◆ Your goal
Include the line containing "Louisville police provided" and every line after it up to the end of the material below; reproduce them exactly and drop the pictures.

◆ Given information

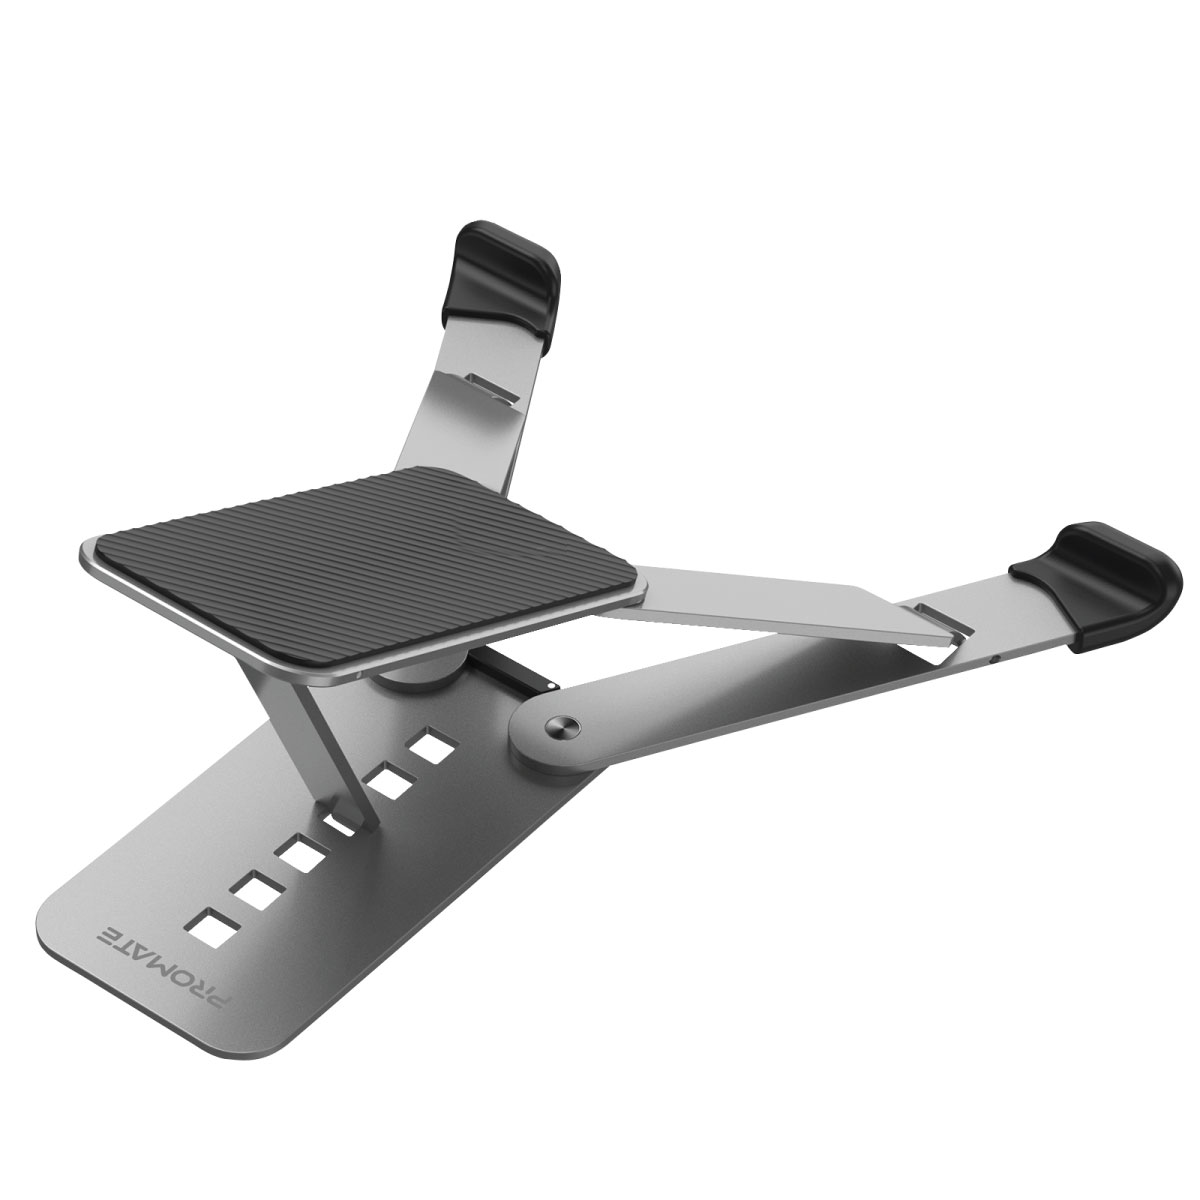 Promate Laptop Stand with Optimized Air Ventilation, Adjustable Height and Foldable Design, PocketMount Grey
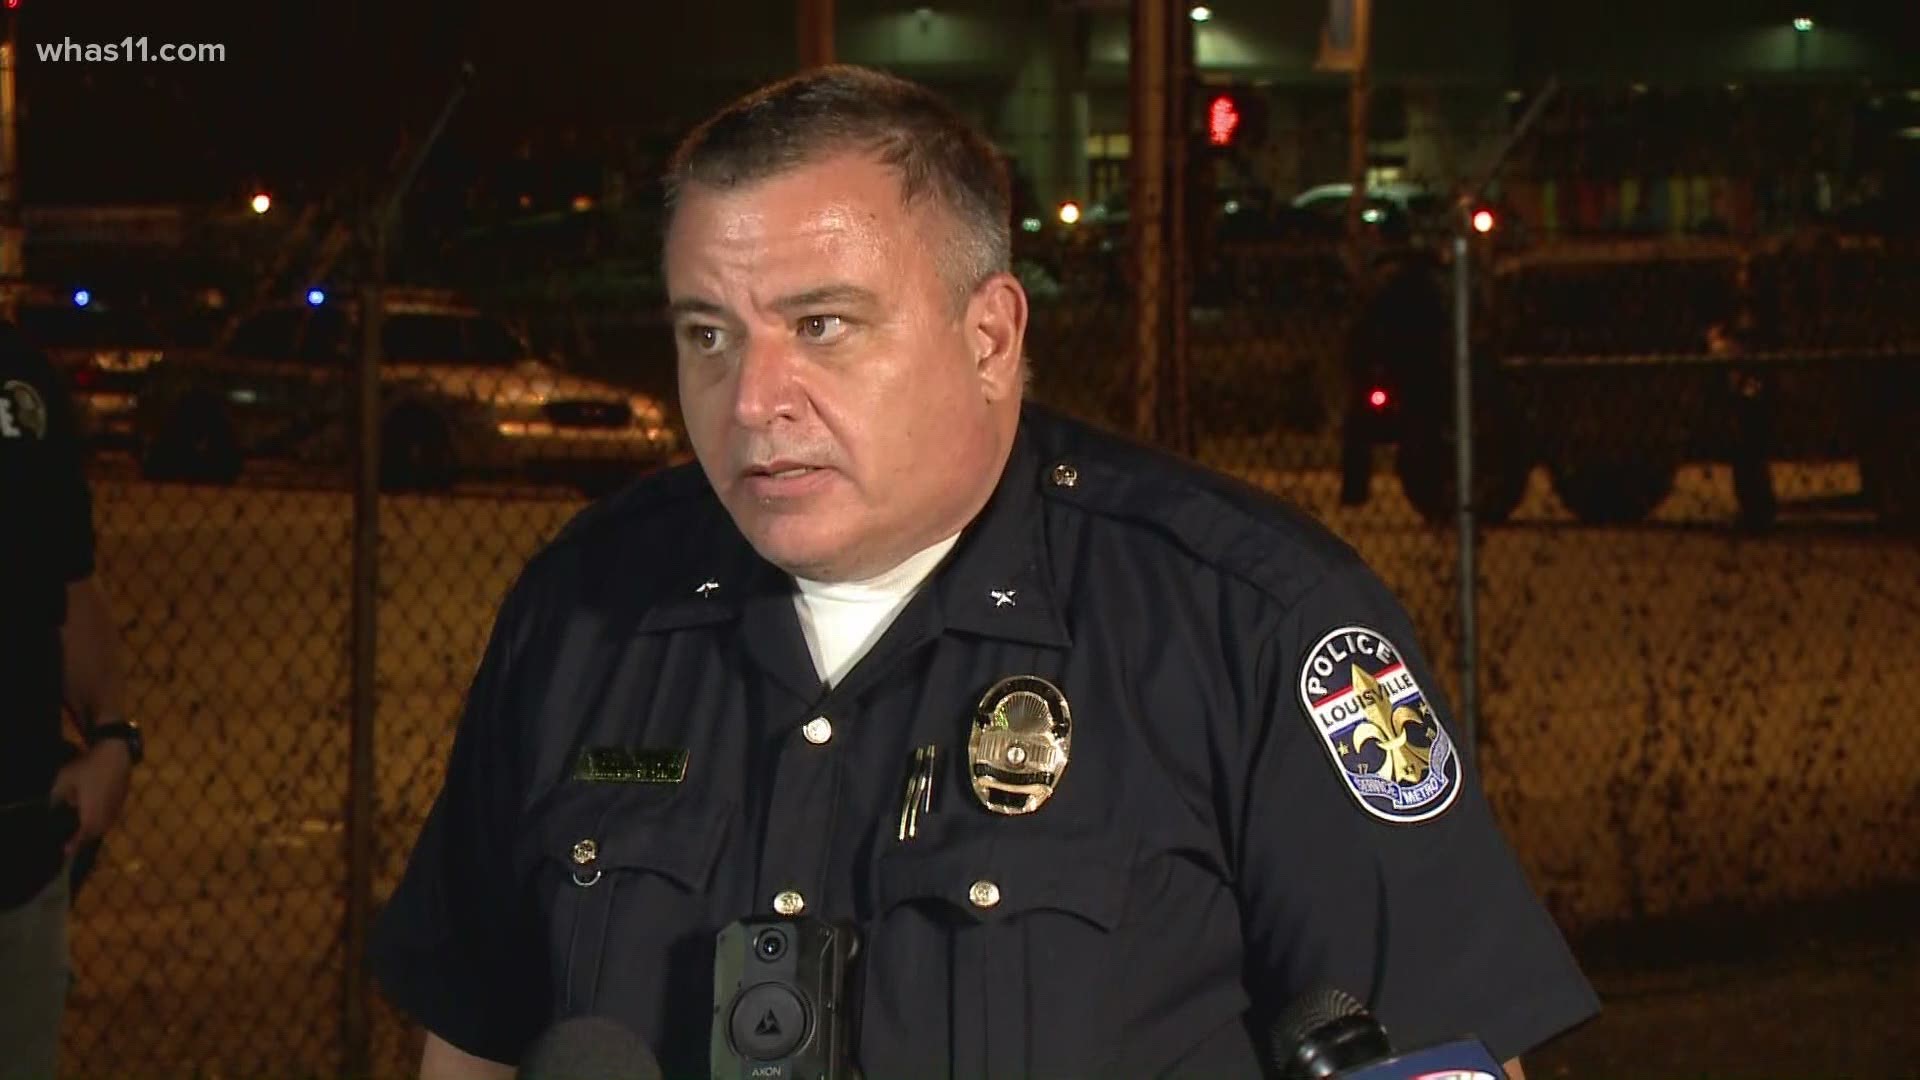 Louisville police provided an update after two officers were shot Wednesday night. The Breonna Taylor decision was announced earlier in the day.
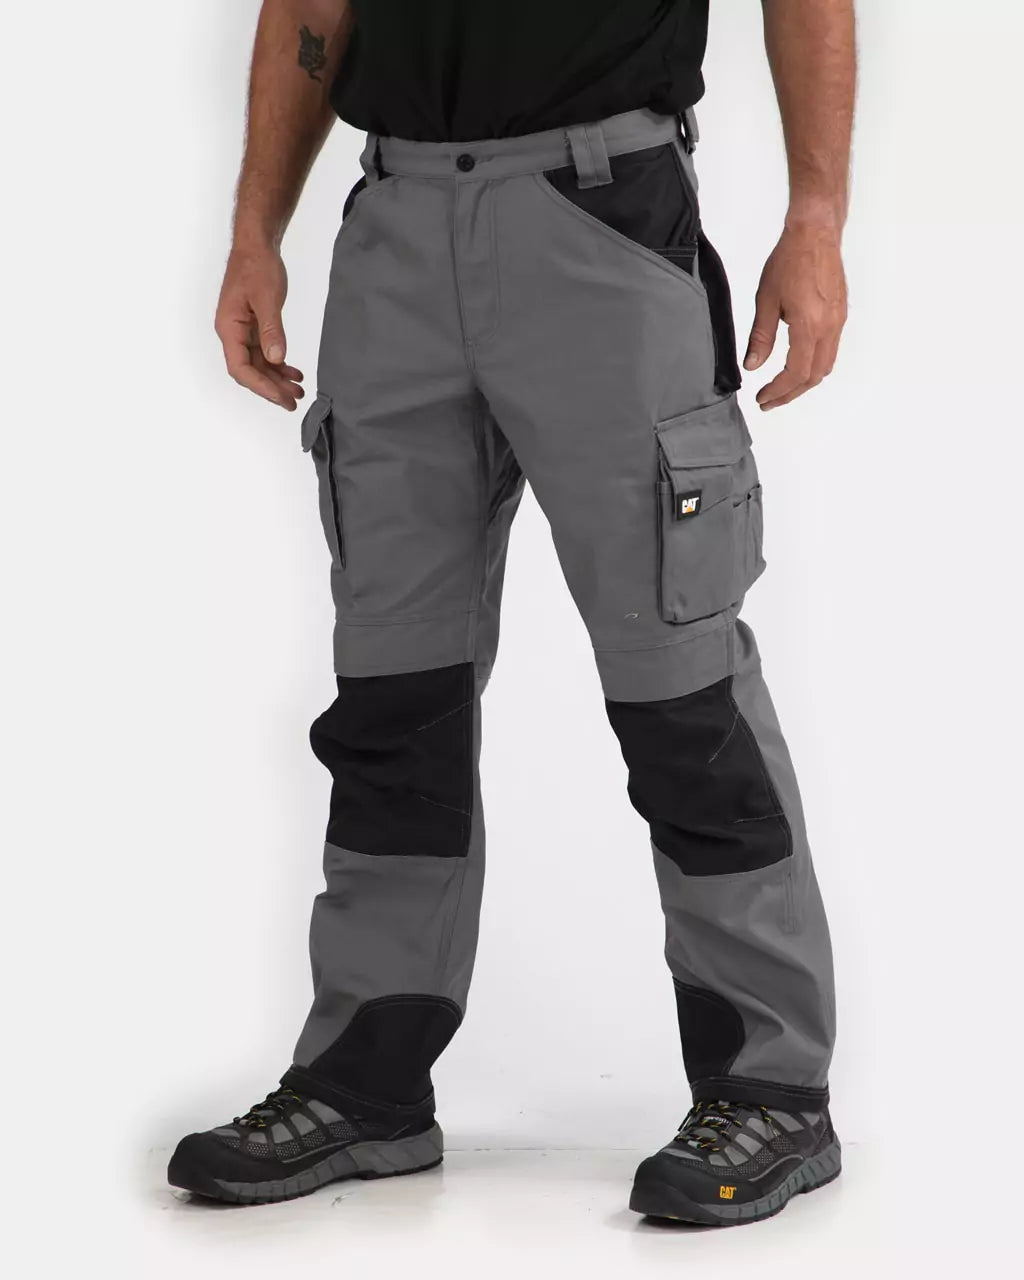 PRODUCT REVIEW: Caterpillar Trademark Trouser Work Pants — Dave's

◆ Your solution
 Louisville police provided an update after two officers were shot Wednesday night. The Breonna Taylor decision was announced earlier in the day.
 PRODUCT REVIEW: Caterpillar Trademark Trouser Work Pants — Dave's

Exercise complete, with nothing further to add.